En juin dernier, Québec avait réussi à obtenir des 10 provinces et des territoires un consensus dénonçant l’« approche mur à mur, uniformisée » d’Ottawa. Au terme de sa conférence téléphonique, le Conseil de la fédération avait en outre demandé que les provinces puissent se « retirer, avec pleine compensation » du futur programme d’Ottawa. Québec espère qu’une partie de ce consensus tiendra la route cette semaine à Niagara-on-the-Lake où se rencontrent les 13 premiers ministres provinciaux et territoriaux.

« On s’attend à ce que la possibilité qu’une province puisse se retirer avec droit de compensation fasse l’unanimité. On ne dira pas aux autres quoi faire, mais le Québec veut se gouverner lui-même », a indiqué un membre de l’entourage de la première ministre Pauline Marois.

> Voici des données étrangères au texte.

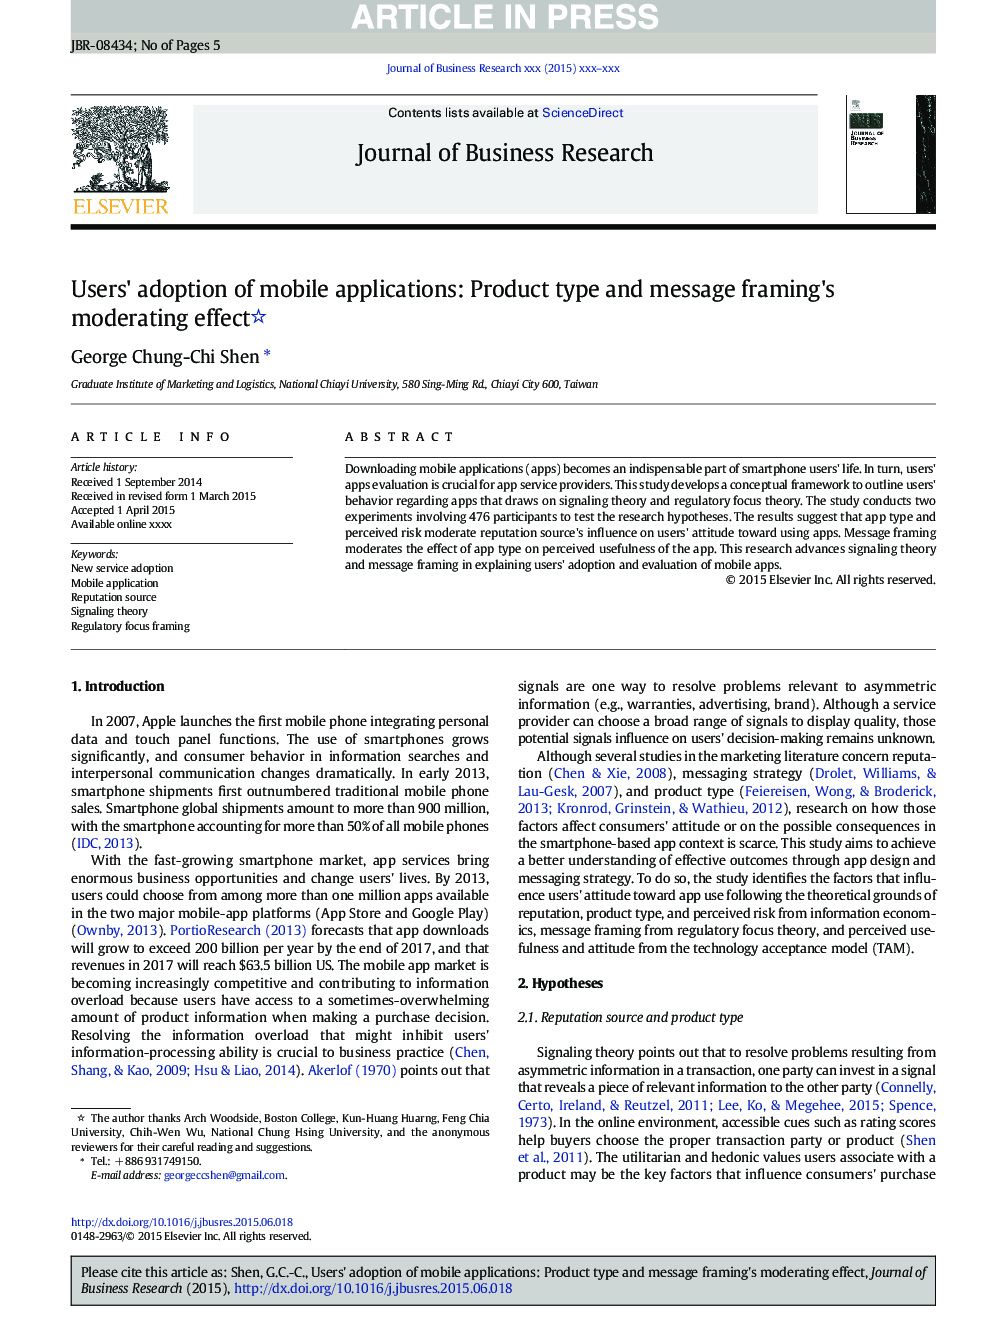 Users' adoption of mobile applications: Product type and message framing's moderating effect

Les programmes de formation de la main-d’oeuvre des provinces de l’Est visent, dans l’ensemble, à offrir des compétences de travail générales à des chômeurs chroniques sous-qualifiés qui ne sont pas admissibles à l’assurance-emploi. Les provinces de l’Ouest, où l’économie surchauffe, éprouvent un problème aigu de pénurie de compétences spécialisées. L’idée de former des travailleurs pour des emplois précis, grâce à une subvention ciblée, leur plaît davantage.

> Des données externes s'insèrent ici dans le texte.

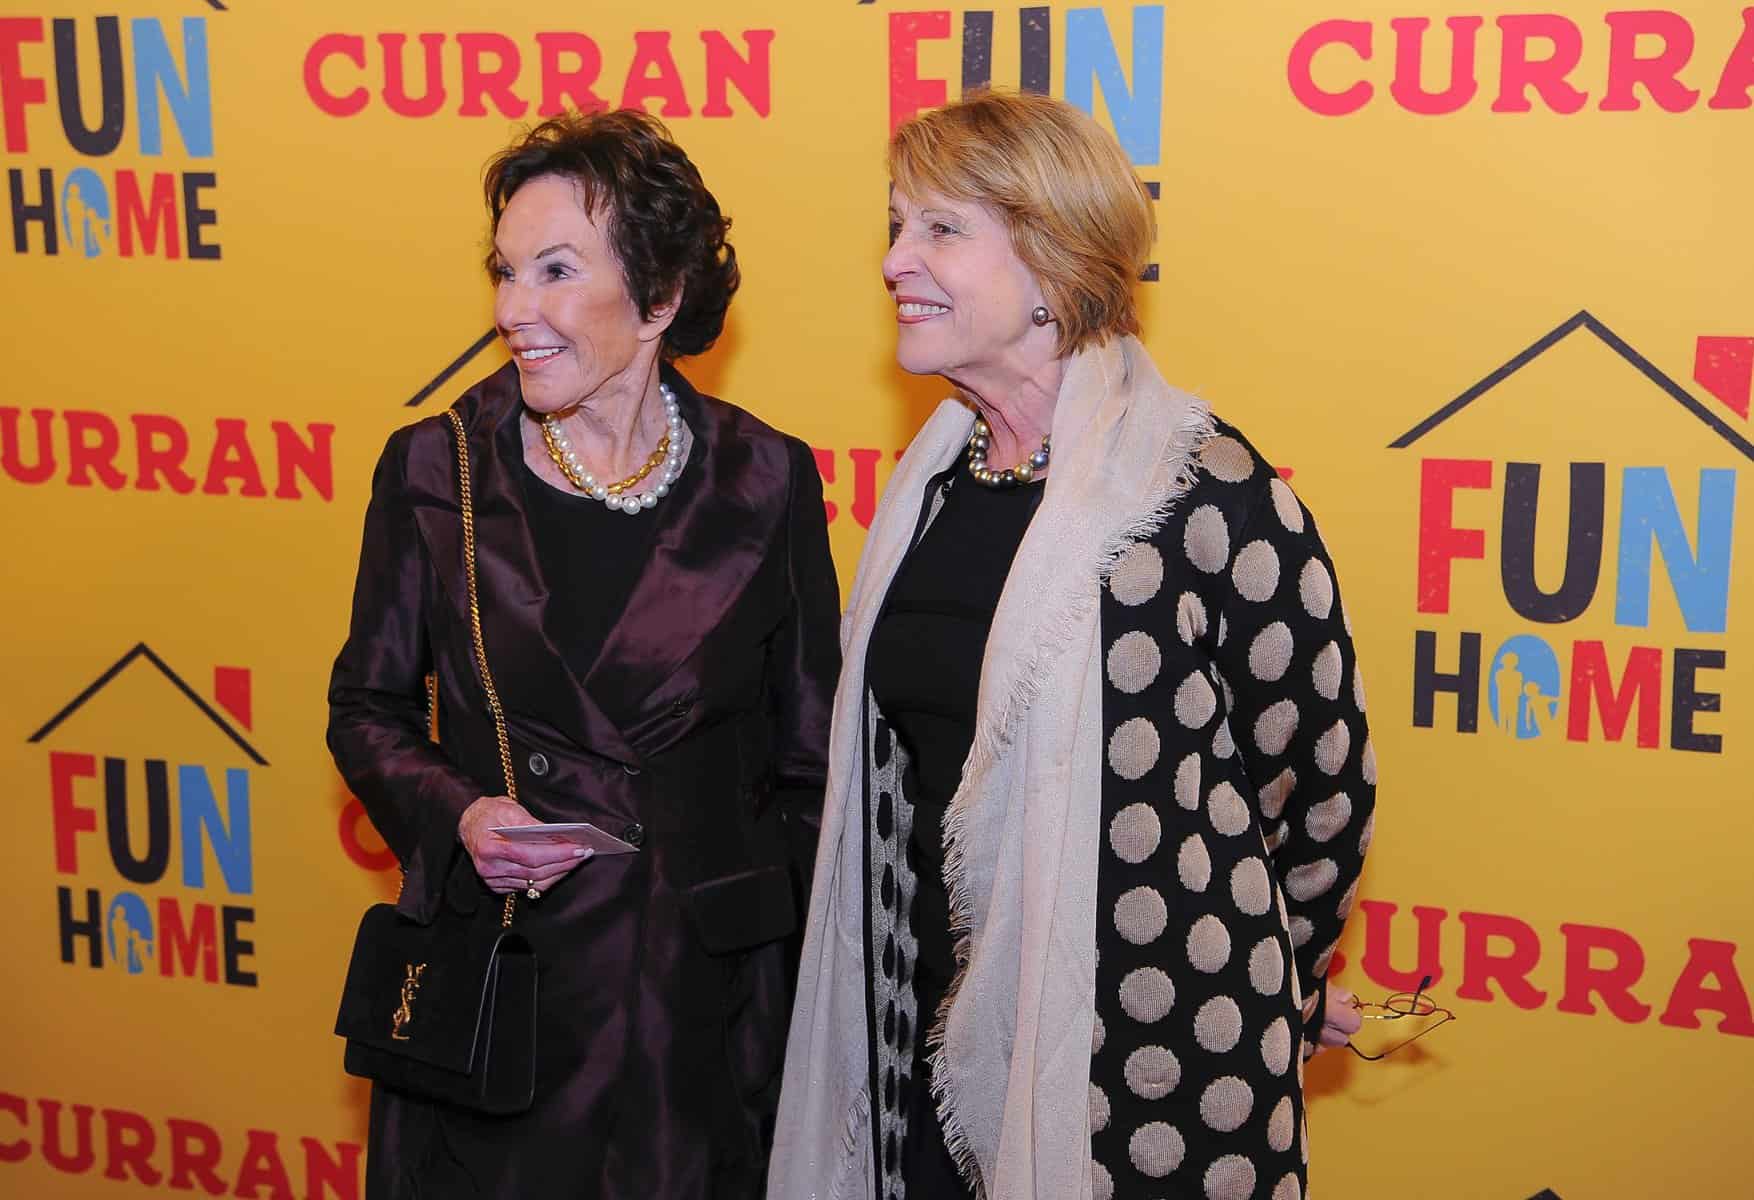 curran-theater-re-opens-with-fun-home

L’Ontario, qui préside le Conseil de la fédération cette année, demande d’être consulté. « On ne veut pas abolir le programme, mais on ne veut pas que ce soit une formule uniforme pour toutes les provinces. Et on a déjà de bons programmes qui fonctionnent bien », explique Lise Jolicoeur, la directrice des communications de la première ministre Kathleen Wynne. « On veut être consultés pour le développement du programme. On n’a pas de détails et ils veulent qu’on dépense notre argent provincial sur quelque chose dont on n’aura pas choisi les paramètres. »

Une source de Nouvelle-Écosse indique que la province « ne refusera pas le programme au nom de principes », mais demandera la possibilité de s’en retirer aussi. « On ne veut pas avoir une attitude de confrontation », explique-t-on. L’Alberta, qui n’a pas autant de réticences face à la subvention, s’inquiète quand même de l’impact qu’elle pourra avoir sur les petites entreprises. Celles-ci ne seront peut-être pas en mesure de verser les 5000 $ réclamés d’elles.

Par ailleurs, l’Île-du-Prince-Édouard veut ramener la réforme fédérale de l’assurance-emploi sur le tapis. La province estime que cette réforme a eu pour effet de renvoyer un grand nombre de chômeurs déboutés vers les programmes sociaux qu’elle finance, comme l’aide sociale. « On attend de voir la facture finale, mais on calcule qu’elle pourrait s’élever à 10 ou 20 millions de dollars par année pour notre province », indique un conseiller du premier ministre Robert Ghiz. Une peccadille ? Au contraire : cela représente jusqu’à 1 % du budget annuel de 2 milliards $ de l’Île…

Par ailleurs, l’Alberta reviendra à la charge avec son désir de mettre en place une stratégie « nationale » de l’énergie tandis que l’Ontario réclamera la mise en place d’un fonds fédéral pour l’infrastructure stratégique.

Notons que pour la première fois de son histoire, le Conseil de la fédération réunira presque autant de femmes que d’hommes. Il y a six premières ministres au pays (Colombie-Britannique, Alberta, Ontario, Québec, Terre-Neuve et le Nunavut). L’an dernier, il n’y avait encore que quatre femmes autour de la table.